5 investing mistakes to avoid in 2021

Jan 25, 2021
2 mins | Views 16006

In many ways, 2020 was shaping up to be a watershed year for investors. The market was at a high and growing. And then the unforeseen happened. COVID-19 struck the world. Forcing countries, to move into lockdowns never before seen in history. Economies came to a standstill, and the markets crashed across the world. The following months unfolded in slow motion, opening windows of opportunities for specific sectors and hope for others. A rejuvenated market soon followed this amidst the slow recovery of the economy.

Looking back as an investor, the year gone by was probably the most stressful in a long time. But it was also a year that taught us many lessons. Given an unexpected 2020, what are the investing mistakes to avoid in 2021? As always, some insights harshly reinforce basic lessons.

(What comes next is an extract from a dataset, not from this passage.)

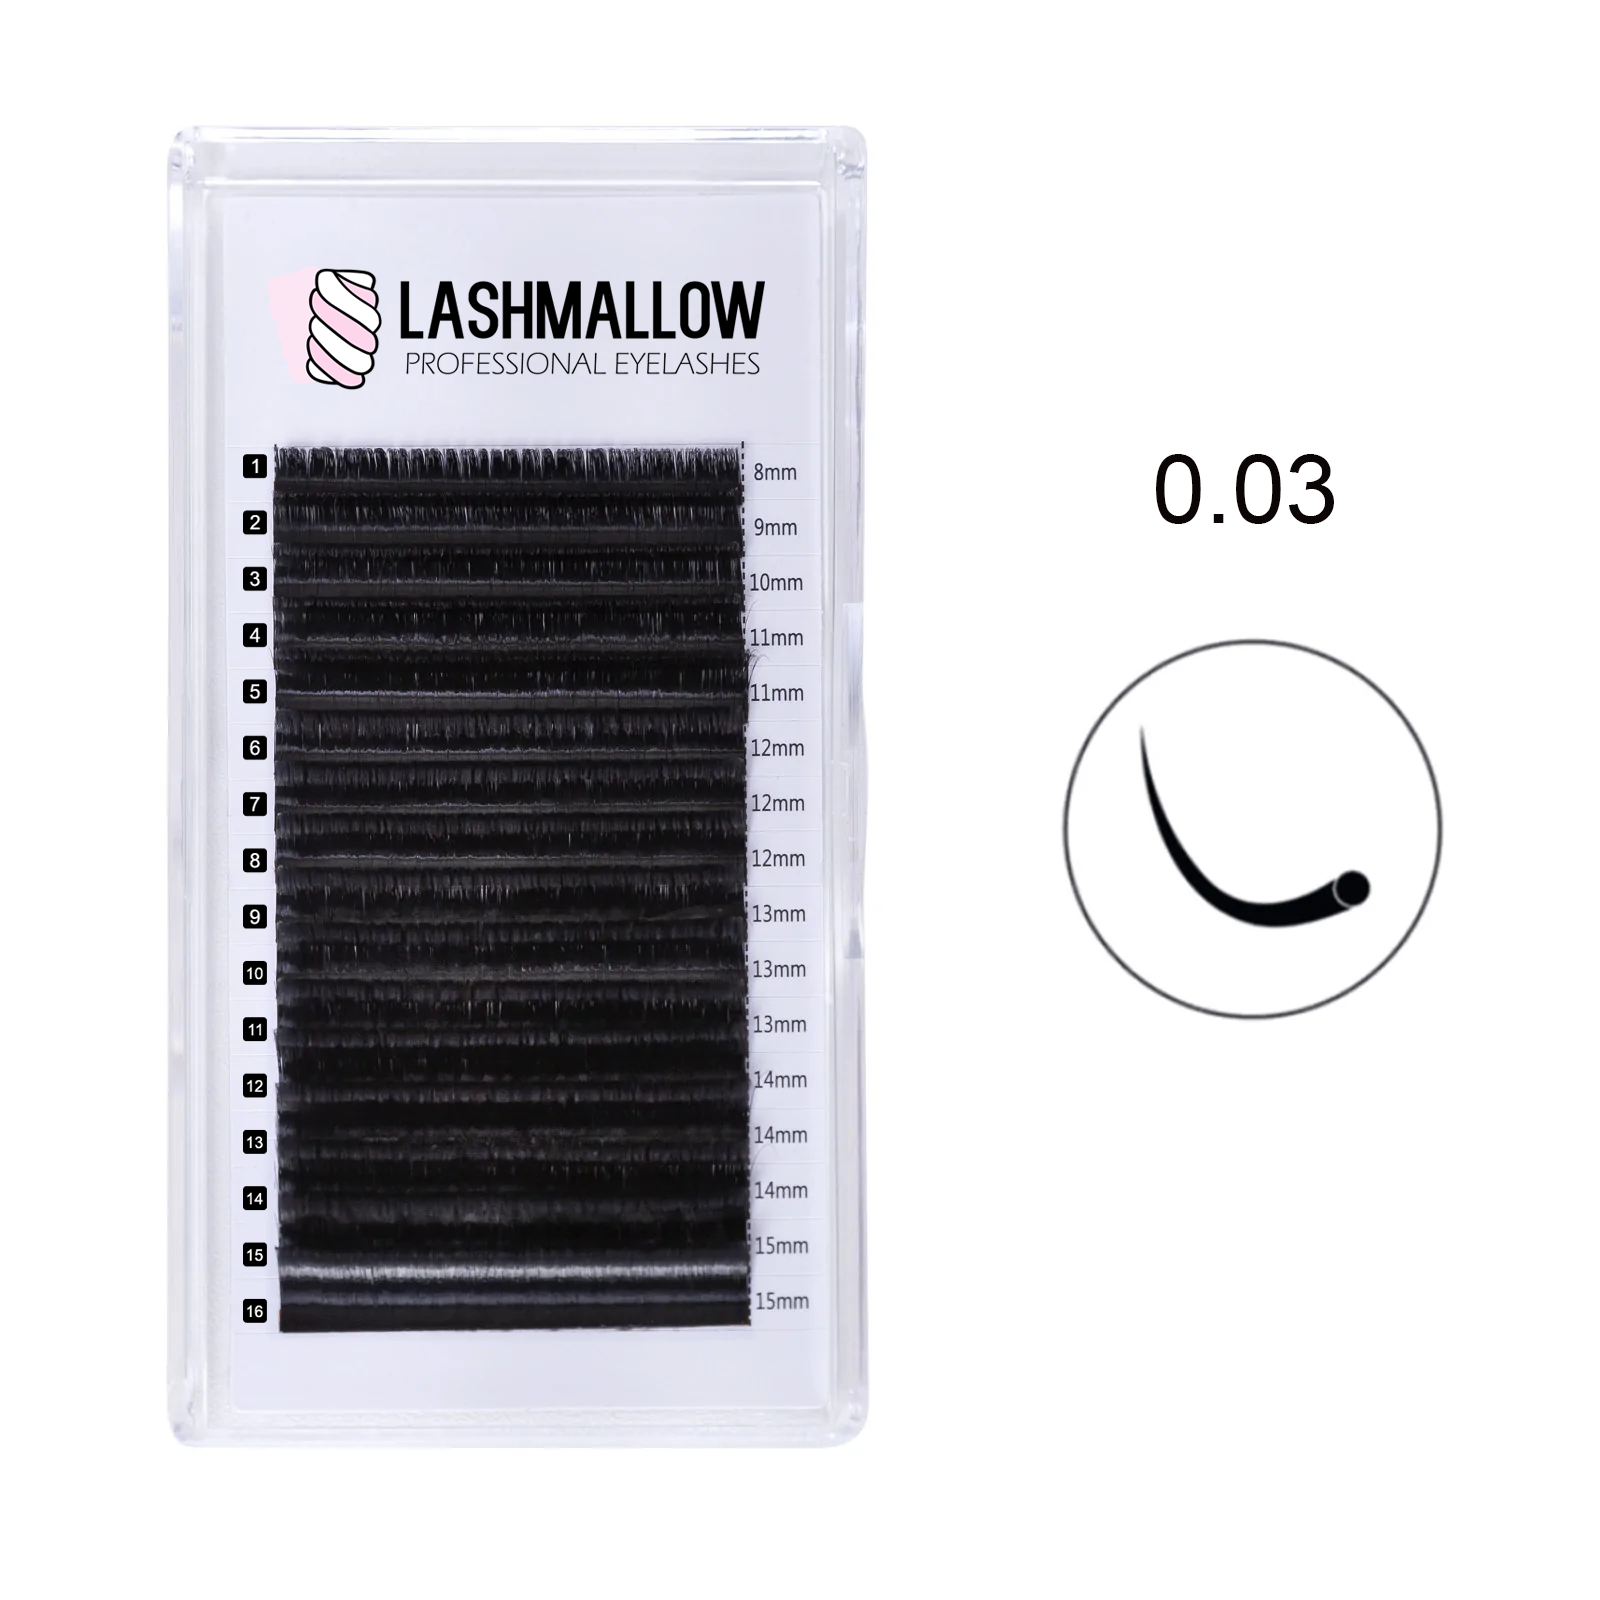 0.03 Premium Volume Lashes 8-16mm Eyelash Extension Trays

  1. Avoid short-term outlooks. This new year is a great time to renew our commitment to remain confident about the bigger picture. To never get swayed by short-term troughs and not allow panic to dictate our behaviour. A country as vast and as vibrant ours can bounce back with vigour. As cliched as it may sound, we are a nation with a remarkably high proportion of millennials constantly on the move, thirsting for success and rewards. One can never under-estimate their positive impact on our economy.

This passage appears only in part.